What cannot be eschew’d must be embraced.
William Shakespeare
The Merry Wives of Windsor, Act V, Scene 5

1.1. Introduction

For more than 20 years, society’s behavior has changed in terms of daily consumption.
In the interest of economic rationality, people, without knowing each other or being part of the same family, agree to live together, travel in the same vehicle, work in the same space and participate in common projects. They decide to join forces in activities such as production, distribution and consumption.
In other words, they have a new approach to economics, which involves collaboration and a spirit of sharing: it is commonly referred to as “the collaborative economy” or “the sharing economy”.
A question challenges us: why did this concept appear?
Several factors have contributed to the advent of the sharing economy: the development of IT tools and mobile technology (smartphones, tablets), the globalization of the economy, the global economic crises and the environmental watch fueled by ecological awareness of the negative externalities of economic activity.
Indeed, we are witnessing a deterioration in the efficiency of the resources used. Demailly and Novel (2014) agree with this idea, arguing that: “For those in the sharing economy, it is nothing more or less than an underutilization of material goods, capital, and therefore an economic and environmental waste.”
We cannot consider the theme of sharing as recent, since the exchange of goods and services has existed, in many different ways, for a very long time: agricultural mutual cooperatives, insurance mutual and agricultural cooperatives already existed before the 21st Century. In other words, the idea of enjoying the good or service without owning it was part of people’s consumption strategies.
Also, the expansion of the sharing economy responds to the contemporary demands of people concerned about the quality of the environment and the degradation caused by the fierce economic activities on natural resources since the Industrial Revolution.
The sharing economy is a social phenomenon, in that it has allowed ordinary people to use their surplus resources in many forms and to consume in a mutual and altruistic way.
It is also environmental, because the sharing economy makes it possible to absorb excess capacity (infrastructure needs, car needs, etc.), reduce the exploitation of natural resources, and meet the needs of those that are most disadvantaged in society.
So, what is the “instrument” that has enabled the expansion of this economic phenomenon?
The notion of the sharing economy is in its conceptualization phase and does not yet have a consensus on its definition. It only dates back to the early 1990s. Indeed:
Collaborative economics is a concept carried by successful essayists such as J. Rifkin, R. Botsman or F. Turner, activists like Mr. Bauwens, media like Shareable in the United States, think tanks and do tanks like OuiShare in France, or by some entrepreneurs and start-up managers, and even more and more large companies. (Massé et al. 2015)
The conceptualization of the sharing economy is incipient, its advantages and disadvantages are not yet well defined. Although it is well received, it does not have an epistemological definition. In an ironic note, Bostman says: “The sharing economy lacks a shared definition.”
The sharing economy has become a global phenomenon. Thus, can it represent an economic model that competes with the traditional economy? What are the advantages of this new economy? Will it contribute to the sustainability of the economy?

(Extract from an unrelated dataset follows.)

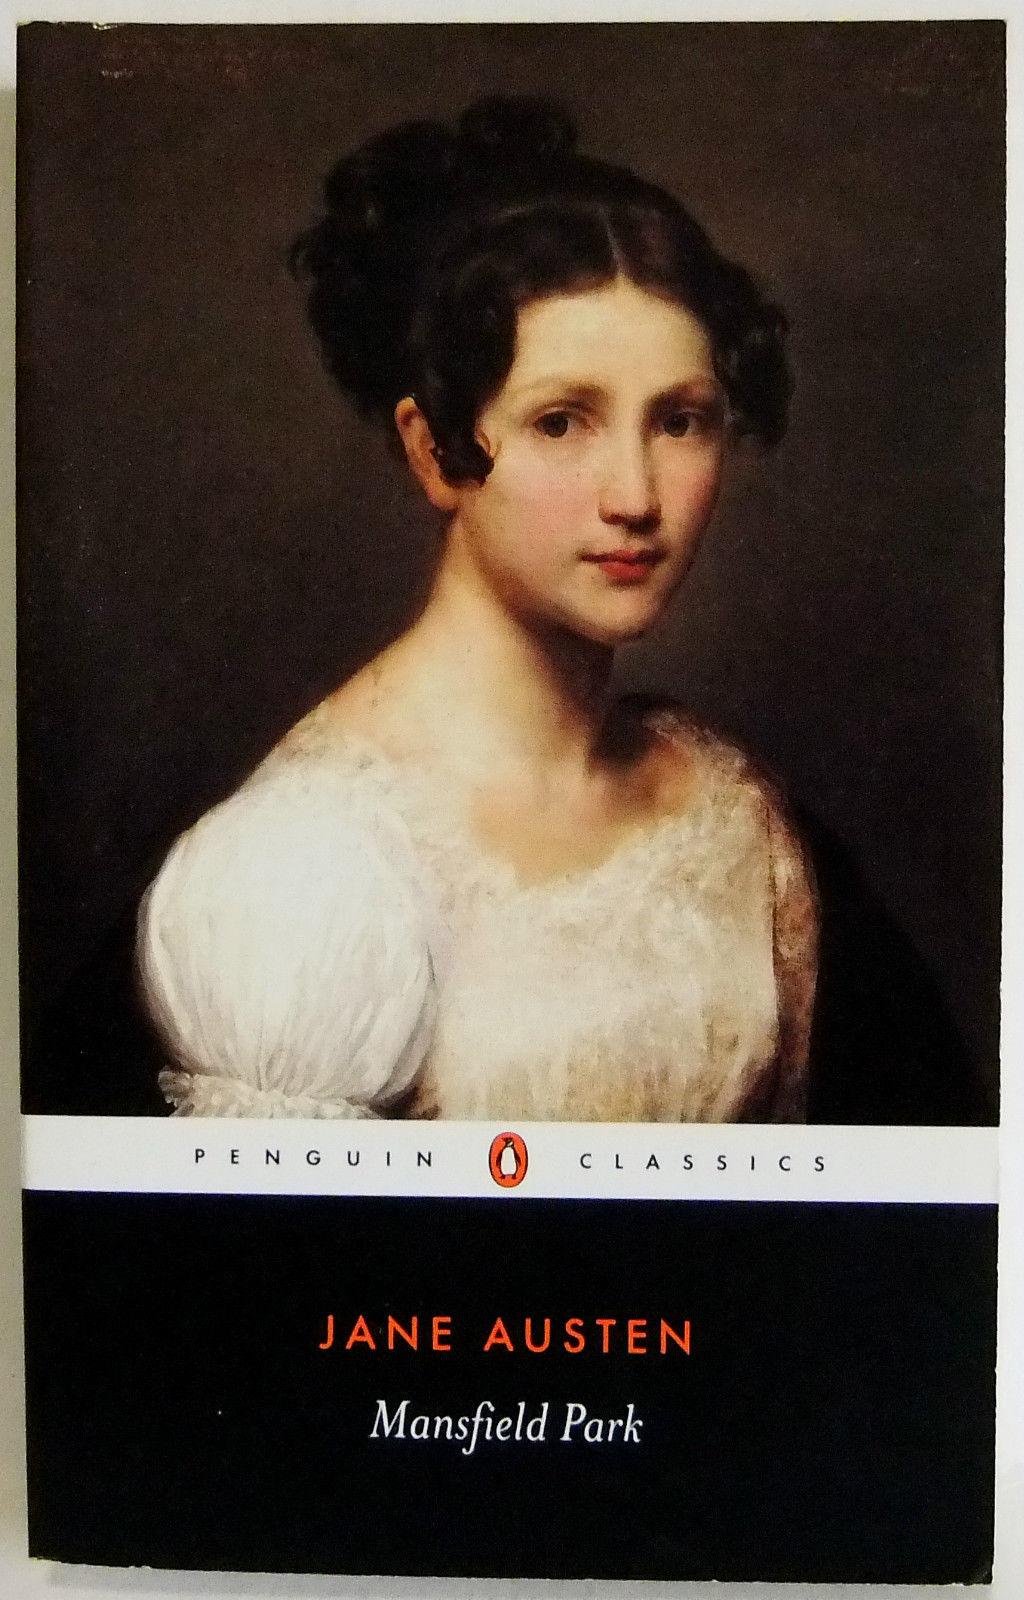 Literary analysis of persuasion by jane austen
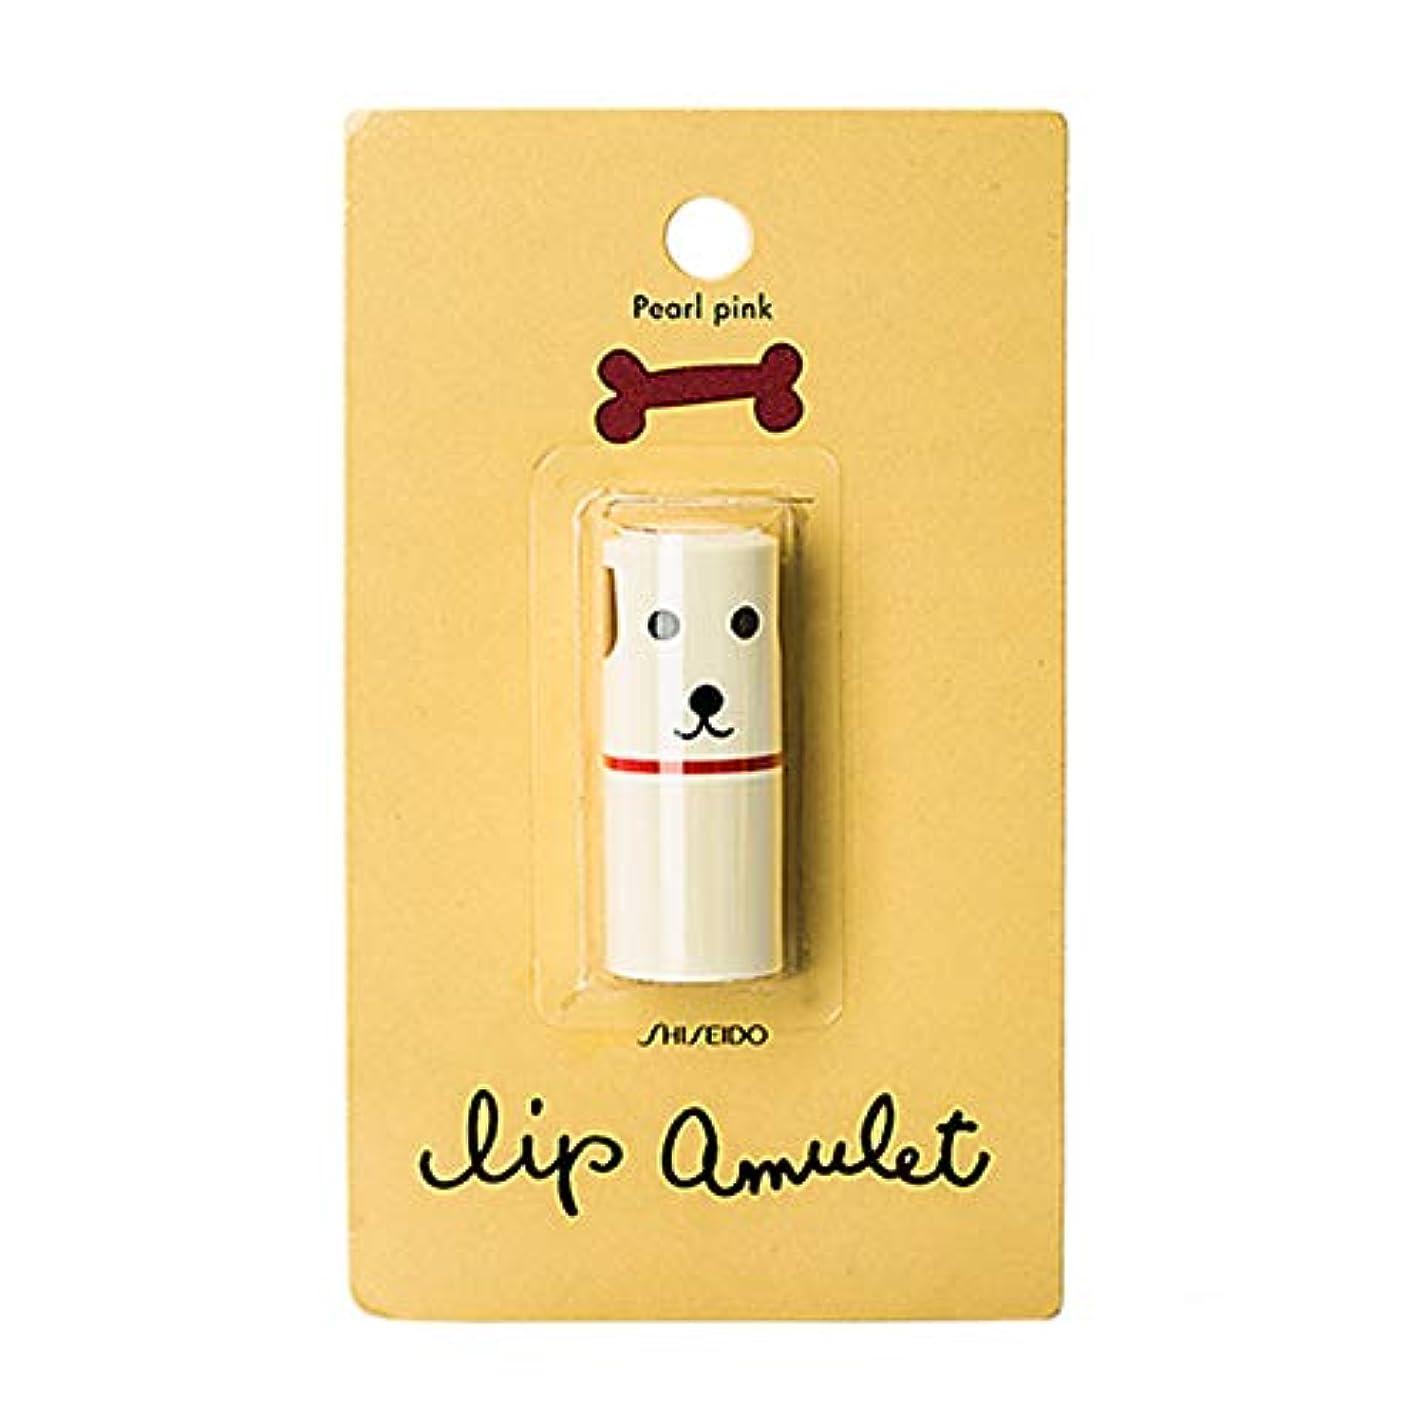 その他フィルタ青写真【台湾限定】資生堂 Shiseido リップアミュレット Lip Amulet お土産 コスメ 色つきリップ 単品 珍珠粉紅 (パールピンク) [並行輸入品]

1.2. From simple sharing to the sharing economy

The act of sharing is natural for us, it responds to a tangible satisfaction (exchange of goods and services), but also to self-satisfaction, to the extent that we put our humanity into practice in the relationships that unite us.
Human beings learn to share from an early age. As time goes by, the sense of ownership gives way to a sense of sharing. Moreover, it is religious beliefs that have inculcated the desire to escape the grip of self-centeredness within us. Monotheistic religions call for sharing through their main foundations and practices.
Thus, the concept of sharing is interpreted in society in several ways: cooperatives, mutual associations, volunteering, etc. The spirit of sharing was embodied in the development of digital technology, which has grown tremendously in recent years:
In cities, new digital technologies are revolutionizing the way we use transportation, housing, goods and other services […] The sharing economy has disrupted virtually every sector, creating a multitude of markets based on platforms that connect individuals, businesses and communities. (Hodkinson 2017)
To understand the shift from the concept of “sharing” to that of the sharing economy, let us immerse ourselves in the history of its origin, its foundations and its practices.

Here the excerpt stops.